Das ist der rechte Nährboden für die ewigen Verdränger und Vertuscher, die vom aktuellen baden-württembergischen Ministerpräsidenten damit nachdrücklich ermutigt worden sind, ihr verantwortungsloses Treiben fortzusetzen.

Wie aber soll man künftig an den Schulen die Zeit der Nazidiktatur behandeln, wie soll man junge Menschen davor bewahren, den neuen braunen Verführern in die Hände zu fallen, wenn man die Geschichte dermaßen ins Gegenteil verdreht?

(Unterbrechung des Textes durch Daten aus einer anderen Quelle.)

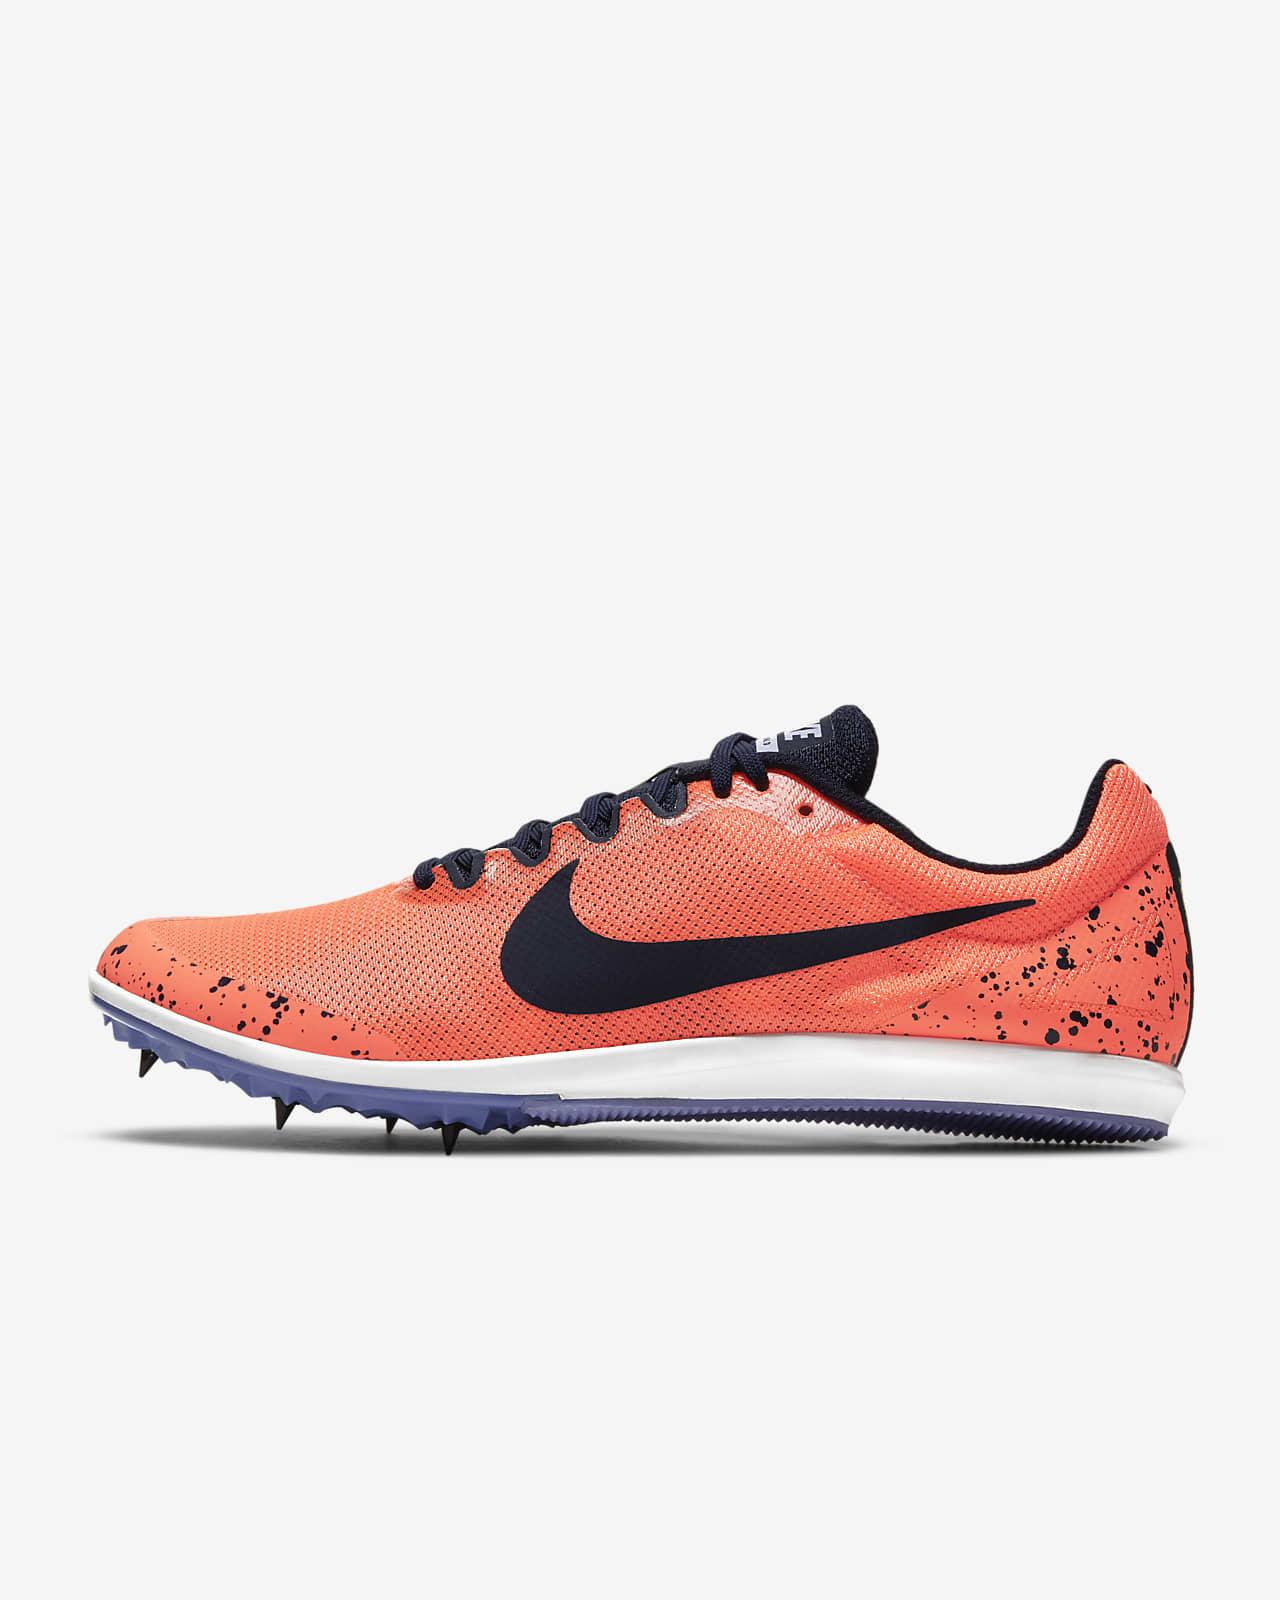 Nike Zoom Rival D 10 piggsko til distanseløping
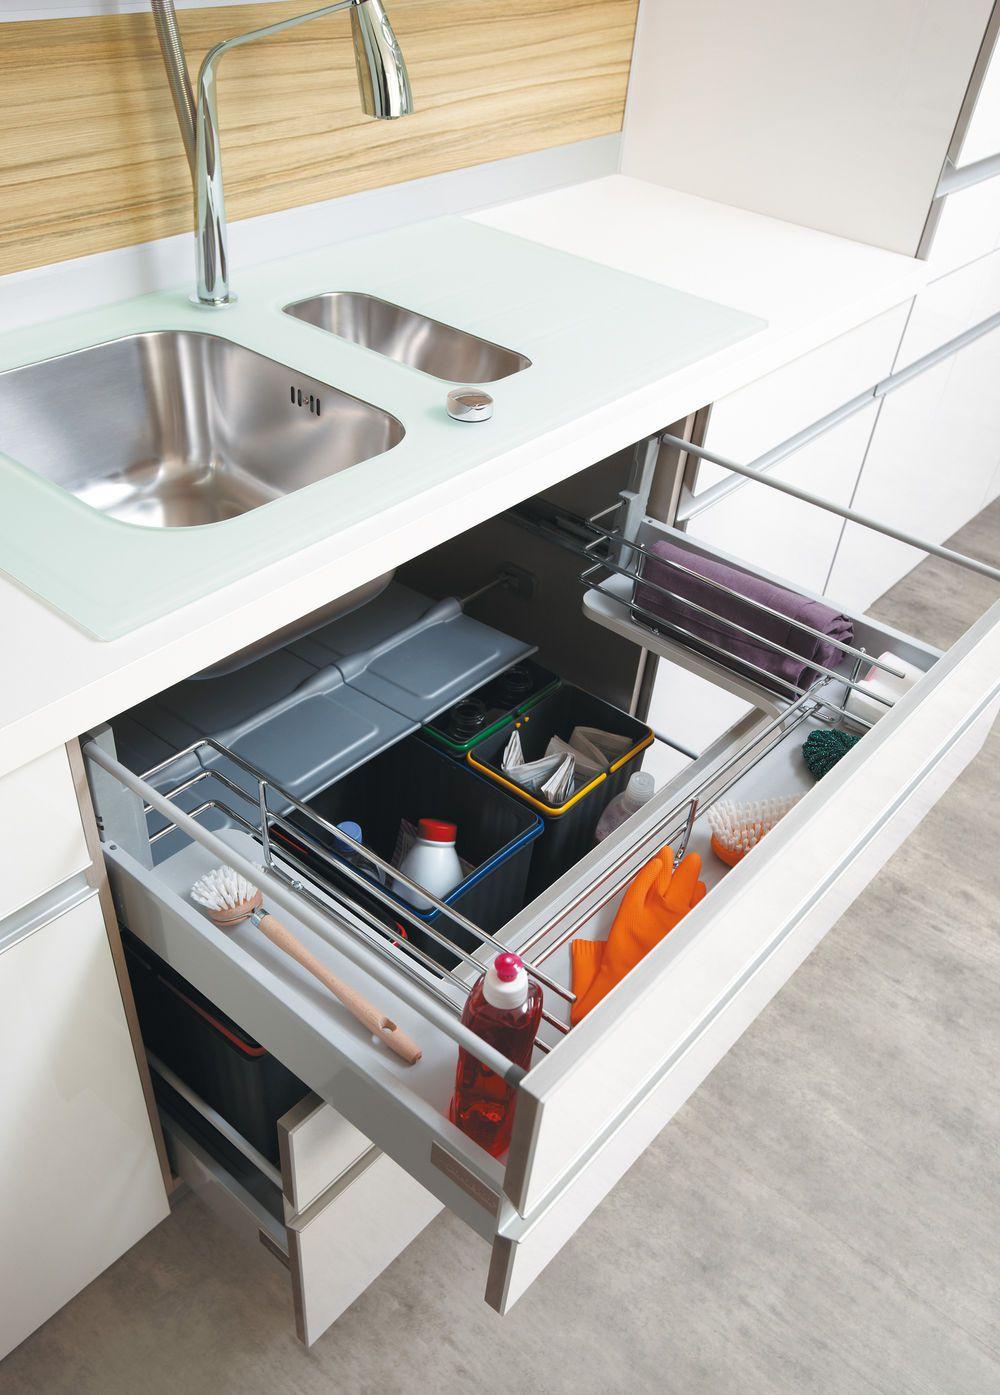 Intérieur Idée Pour Cuisine Ikea Meuble Tiroir Uspzvqm

Oettinger, der sich nach wie vor nicht für diese unsäglichen Äusserungen entschuldigt hat, hat dem Land und seinem Amt schweren Schaden zugefügt. Ein wachsweiches Dementi in der „Bild-Zeitung“ als Entschuldigung zu bezeichnen, ist völlig abwegig. Ein Publikationsorgan wie ausgerechnet „Bild“ ist dafür keinesfalls der richtige Weg. Weshalb stellt sich Oettinger den Fragen der Journalisten nicht in einer Pressekonferenz?

Dieser Umgang mit seinem Fauxpass, der offenbar gar keiner war, macht Oettinger als Ministerpräsident untragbar. Es wäre das beste für unser Land, Oettinger würde sofort zurücktreten.